11 janeiro 2010

Viagem Vertical

Os romances de Vila-Matas são oportunidades para conversar sobre livros e escritores: O Mal de Montano é assim e Batlerby e companhia também. Ele me lembra Borges, não o escritor – se é que podemos separar as duas figuras –, mas o leitor. Borges disse certa vez que se sentia capaz de passar 24 horas falando sobre literatura. Seus livros atestam isso. Neles o tema mais recorrente é o do mundo representado pela biblioteca. Os contos são ensaios sobre livros. São famosos seus prólogos. Vila-Matas se identifica com Borges, certamente é seu leitor da vida inteira e assim como o escritor argentino ele também se sente atraído pelos livros.

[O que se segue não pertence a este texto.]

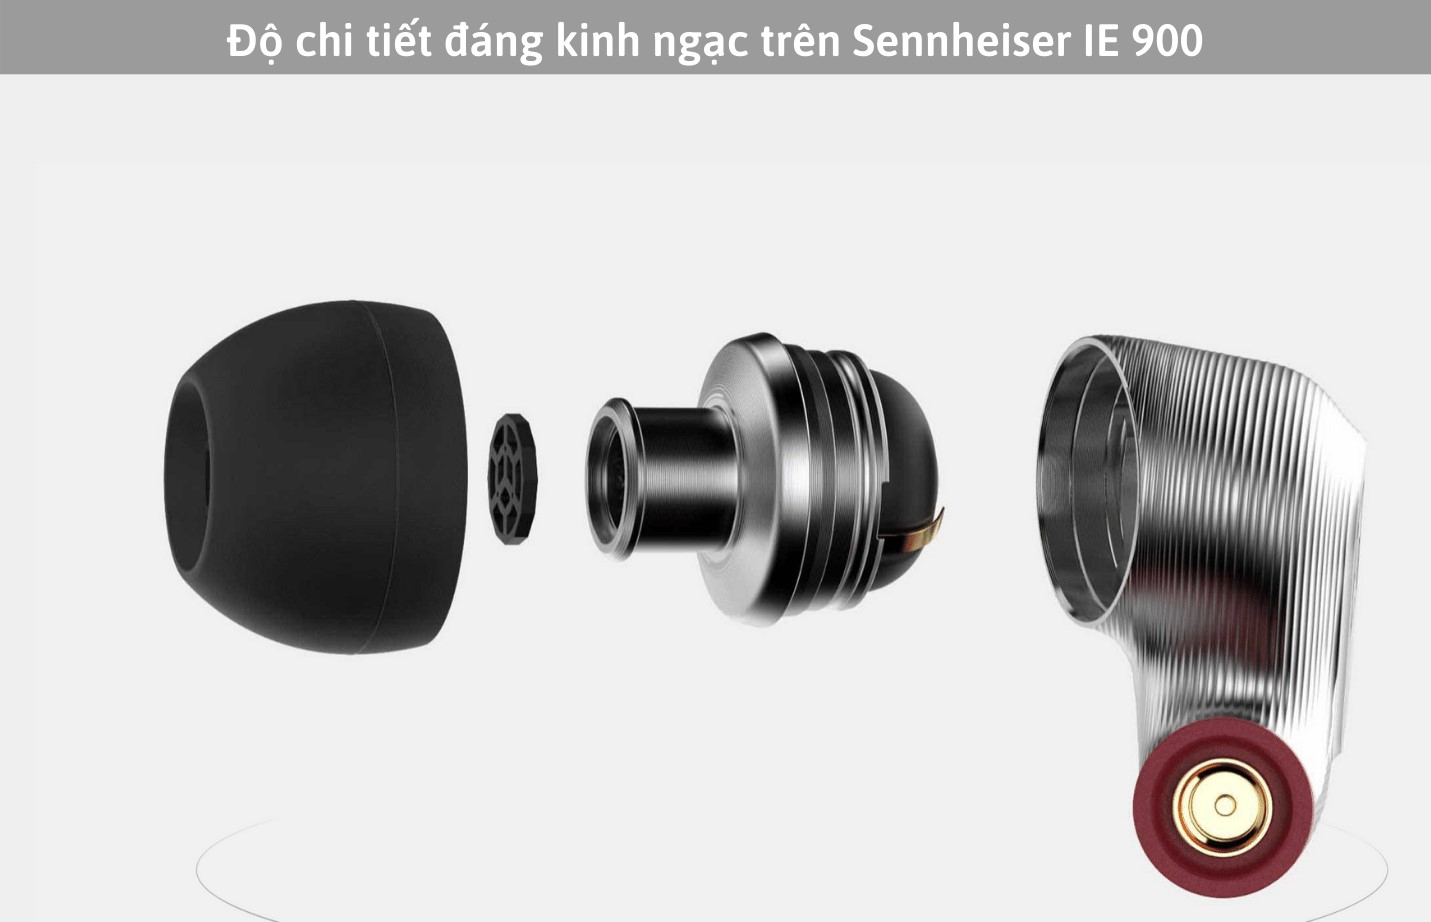 Sennheiser IE900

Acabei de ler Viagem Vertical, publicado aqui no Brasil em 2004 pela Cosac Naify. Li depois de todos os outros, dos já mencionados e mais Paris não tem fim e Suicídios Exemplares. Adiei a leitura de Viagem Vertical porque diferente dos outros este não me parecia trazer o tema da literatura, do qual gosto muito, mas uma experiência diferente: o do homem em crise, algo muito próximo, pensei, de dois livros que li no final do ano passado e sobre os quais escrevi aqui no blog: Homem Comum de Philip Roth e A Casa das belas adormecidas de Kawabata – sem o apelo erótico deste último. Livros que tratam da velhice, morte e falta de sentido da vida.

De fato. Até a página 179 – de um total de 252 – o leitor deduz que Viagem Vertical é uma história contada em terceira pessoa que tem como protagonista Mayol – um velho aposentado, dono de uma empresa de seguros que vê a vida vir abaixo no dia em que a mulher lhe faz um estranho pedido. Ele vai desembarcar na Madeira, em Portugal, sem rumo e sem tino, onde encontra por acaso o sobrinho a quem não via fazia anos e que como o tio, também passa por uma crise. Dono de uma solidão que não consegue conter no peito, a personagem ver-se na sua viagem vertical.

Ao que tudo indica Mayol levava uma vida normal, estava aposentado, havia passado a empresa para o comando do primogênito – de quem se orgulhava – e se distraia do fim apostando na convicção de que deixava as coisas em ordem e se sua vida chegava nos últimos momentos, ao menos fez sentido, afinal construiu algo de sólido como a família e a empresa milionária. Em outras palavras, o fim não era encarado com perplexidade, mas com conformismo e parcimônia.

Algo, entretanto, acontece que vai tirar o ancião de tempo. O pedido absurdo da mulher é que ele desapareça da vida dela. A esse choque vem juntar-se a decepção com o filho mais velho que se diz cansado da empresa e do casamento e pior que isso; o ressentimento que nutre pelo filho Julián, um pintor excêntrico que se julga o próprio Toulouse-Lautrec vivendo na Paris boêmia dos anos vinte. Esse filho caçula e solteiro de 42 anos é um imbecil da cabeça aos pés apesar de ser homem culto e instruído. Num episódio recente, recordado por Mayol enquanto caminha pelas tumbas de um cemitério, chama o pai de inculto. Ora, o complexo de inferioridade por ter freqüentado a escola só até os catorze anos é uma frustração que Mayol carrega. Recordar-se da declaração do filho no momento de crise desencadeada pela expulsão da mulher só piora as coisas e o faz se sentir como a última das criaturas.

Na página 179 nos surpreendemos com o narrador. Não é onisciente, não é Vila-Matas, mas o gerente do hotel onde está hospedado Mayol na Madeira. Esse gerente se interessa pela história do velho e vê nela a oportunidade de escrever seu primeiro romance, apresenta o hospede a uma espécie de clube literário e a história do homem em crise acaba incluindo conversas sobre o livro – mesmo os que Mayol disse que leu sem ter lido – e nós, leitores de Vila-Matas, reencontramos o autor que não consegue separar a vida da literatura.

Um comentário:

Negro Sangue disse...

Ler livros que tratam de outros livros amplia nossa visão sobre estas leituras, anteriores. Como se diz na minha terra "é massa!".